In response to a subpoena, NBC News turned over three versions of Bob Costas' NBC News interview with Sandusky, which aired last November on different NBC shows.

One of those versions, which was broadcast on the 'Today' show, contained an erroneous repetition of a key question and answer - about whether Sandusky was sexually attracted to young boys, Nils Frederiksen, a spokesman for the Pennsylvania attorney general said on Sunday.

The repetition, Sandusky's lawyers contend, made it appear to jurors that he was stonewalling. [Emphasis added]

"It wasn't noticed by (NBC News), it wasn't noticed by us, but it became obvious when it played in court," Frederiksen told Reuters.

NBC News spokeswoman Amy Lynn confirmed this account on Sunday.

The article goes into more depth on the edit and the reaction:

In the Sandusky interview with NBC, Costas asks, "Are you sexually attracted to young boys, to underage boys?" according to an NBC News transcript.

Sandusky responded, "Am I sexually attracted to underage boys?"

But in the "Today" version, which was played for jurors and is still available on YouTube (here), the exchange was repeated.

The interview was originally aired correctly on NBC News' new magazine show, ‘Rock Center' on November 14. The erroneous version that repeated the exchange aired the following morning on ‘Today.'

In a statement, NBC's Lynn said: "Under subpoena, NBC News turned over three versions of the Costas interview to prosecutors, including the 'Today' version with the error in it.

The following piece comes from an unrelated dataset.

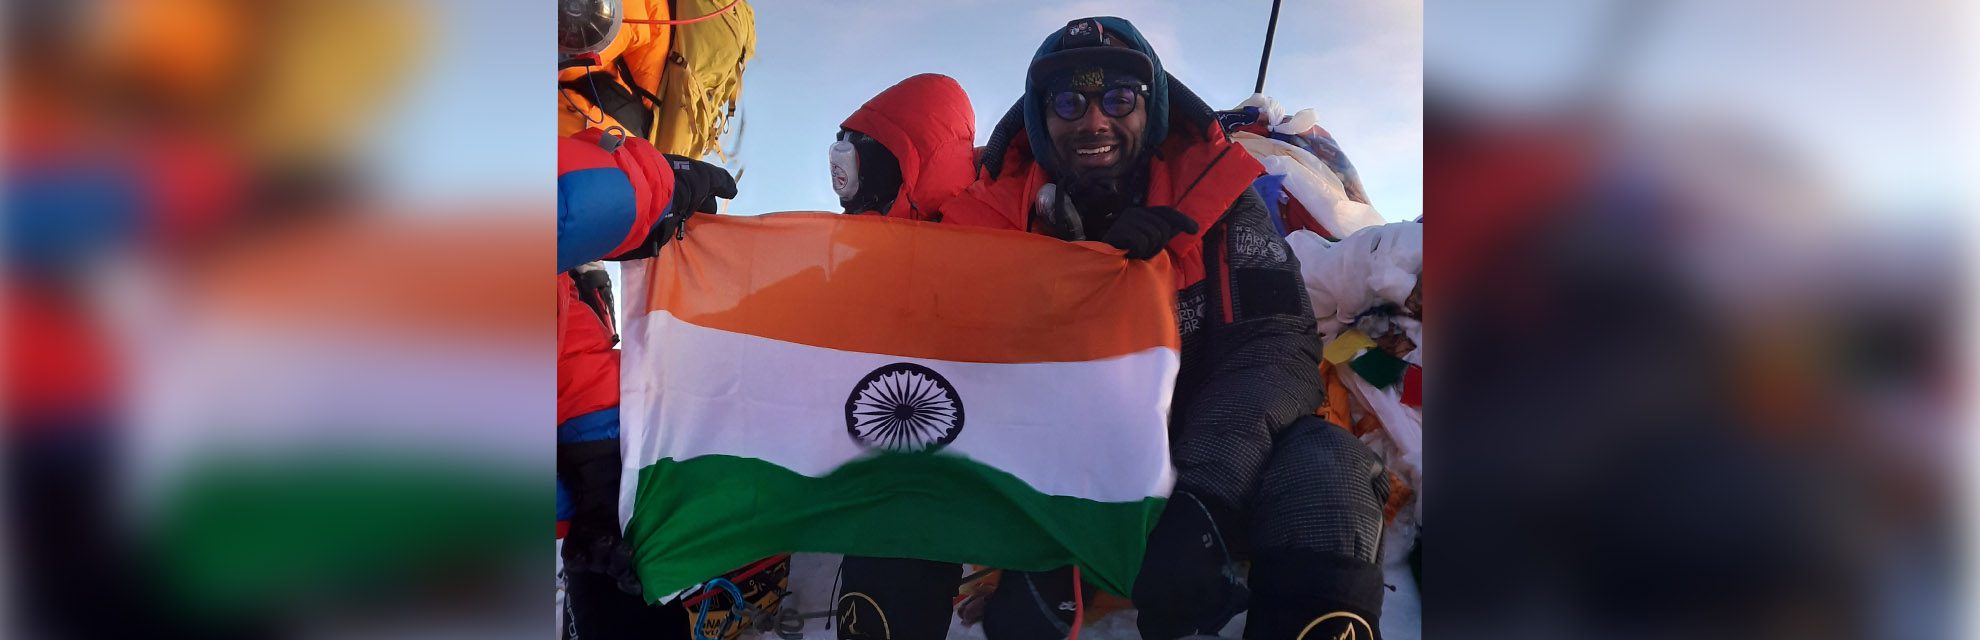 印度出生的登山者 Satish Gogineni 在 20 小时内登顶珠穆朗玛峰和洛子峰创下新纪录

Prosecutors used the 'Today' version, not realizing it included a technical glitch, and played it for the jury.

"After court that day, NBC News executives had a series of discussion with the prosecutors, and after some internal investigation were able to determine that the glitch originated on 'Today.' NBC News executives explained the situation to the court, and Judge Cleland sought to remedy the situation by giving the jury instructions to regard only a transcript of the full interview that was subsequently provided to them, not any audio that was played for them by prosecutors."

Here is the video version of the edit. It comes at about the 6:37 mark:

A prosecution source says the mistake was "embarrassing."

"Was it embarrassing?" the source asked in an interview with Reuters. "It was certainly embarrassing. Was it a mistake? It was clearly a mistake." As for NBC, the source said the network regretted the error.

"Did they say, ‘I'm sorry?' I can't recall those exact words,'' the source said. "Were they apologetic? Yes."

"Lawyers for Jerry Sandusky sought a mistrial before his conviction for child sex abuse on the grounds that prosecutors showed jurors an inaccurate version of a bombshell NBC News interview with the former football coach, and the mistake may now form part of the basis for an appeal," Reuters reports.

But this edit is just another in a long list for the new conglomerate. Earlier in the year, three NBC employees were fired for their parts in different, unrelated cases of editing the tapes of George Zimmerman calling 911 after shooting Trayvon Martin. Those edits cast Zimmerman in a racist light.  More recently, MSNBC's Andrea Mitchell edited a speech by Mitt Romney, removing the context and portraying him as out of touch. She has yet to apologize.